"Disini saya tidak perlu menyebutkan
nama"
Masihkah kau ingat saat kita tertawa bersama
lewat telephon? Masihkah kau ingat saat kita bertengkar karena hal yang tidak
penting? Saling gengsi untuk saling memberi kabar lebih dulu. Saat kita saling
mengucap rindu lewat pesan singkat ketika kita terpisah jarak. Dan masihkah kau
ingat ketika kita begitu mudahnya melontarkan kata “putus” untuk masalah sepele
saat akal sehat sama-sama tak sedang bersama kita? Tanpa peduli beratnya
perjuanganku menaklukkan hatimu? Masihkah kau ingat semua itu?

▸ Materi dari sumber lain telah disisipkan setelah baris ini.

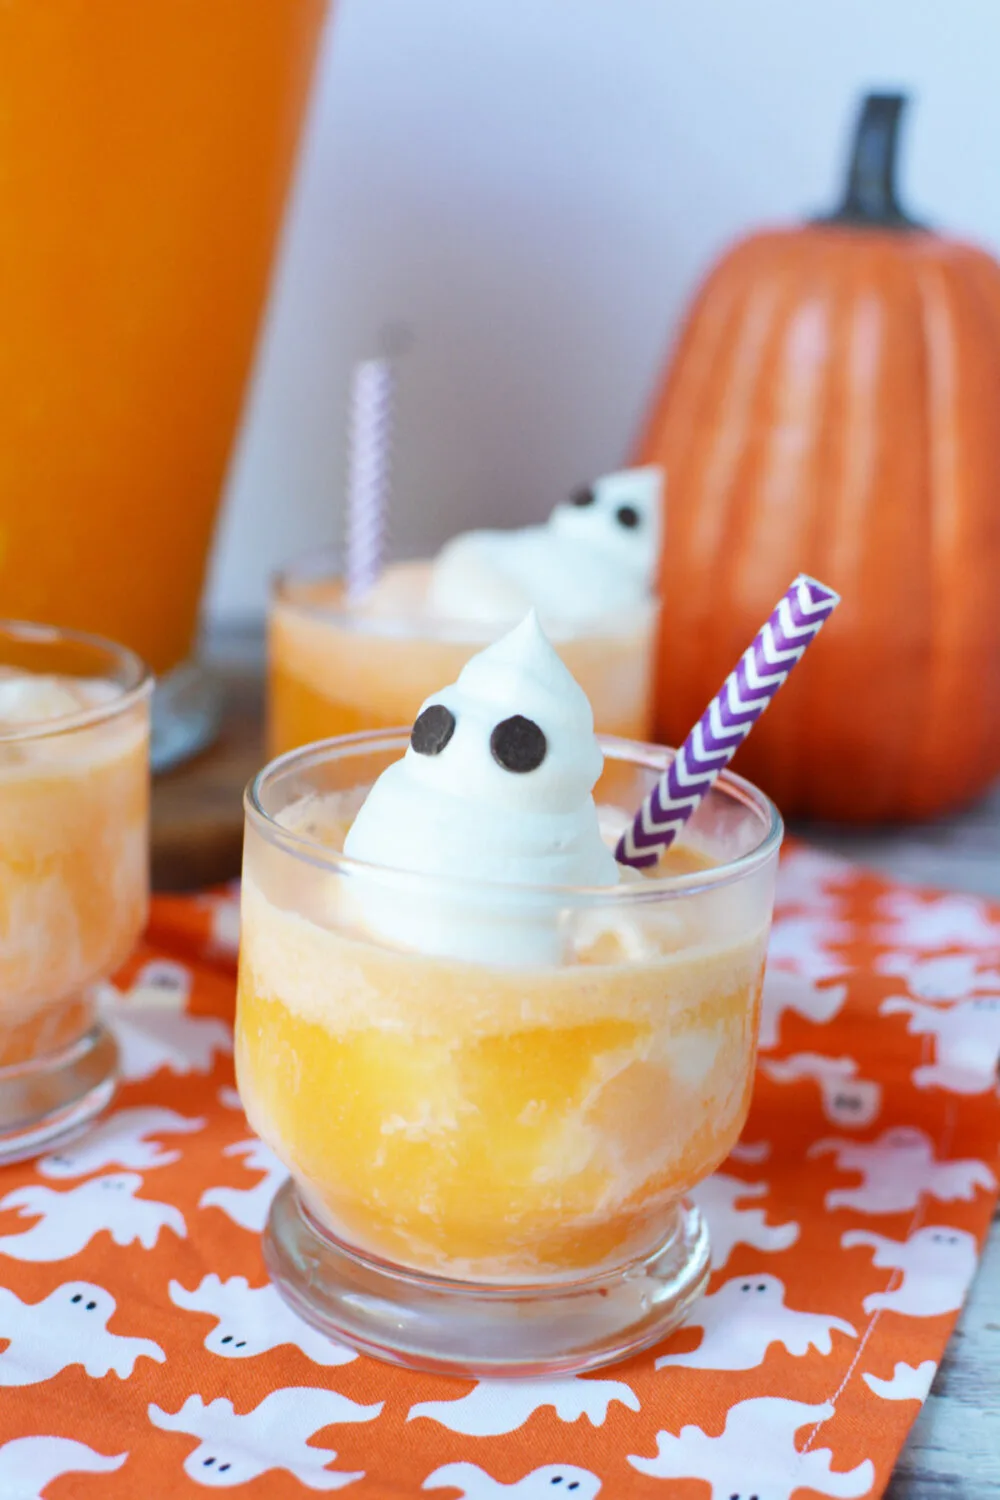 Orange punch with ice cream and whipped cream ghosts with chocolate chip eyes.

Aku, lelaki, tak akan pernah melupakan itu.
Ketahuilah. Perpisahan adalah hal yang pasti
adanya. Ketika kita sedang berbahagia, aku tak pernah sepenuhnya merasakan
bahagia itu. Karena aku tahu pasti, setelah ini akan ada sedih yang
menghampiri. Dan sedih itu, bahkan sudah terselip di pikiranku saat kita masih
kau masih terlena dalam bahagia kita.
Dulu kau pernah bercerita kepadaku, saat kita
sudah seharian penuh tak dikabari dan rupanya kita saling menunggu untuk
dikabari. Kau menulis panjang, memaki-maki aku, tapi nyatanya semua berakhir di
kotak draft. Tak pernah terkirim.
Tahukah, itu juga yang kulakukan saat itu.
Pernah juga sekali waktu kita bertengkar hebat
hanya karena hal sepele. Saat aku melarangmu mandi sore karena sedang flu, tapi
kau mengabaikan itu. Dan aku, tentu saja marah. Lalu setelahnya, kau balik
marah dan kita kembali bertengkar hebat...
Lalu kita diam, saling tak mengganggu. Tak saling
tegur, tak saling sapa melalu pesan singkat.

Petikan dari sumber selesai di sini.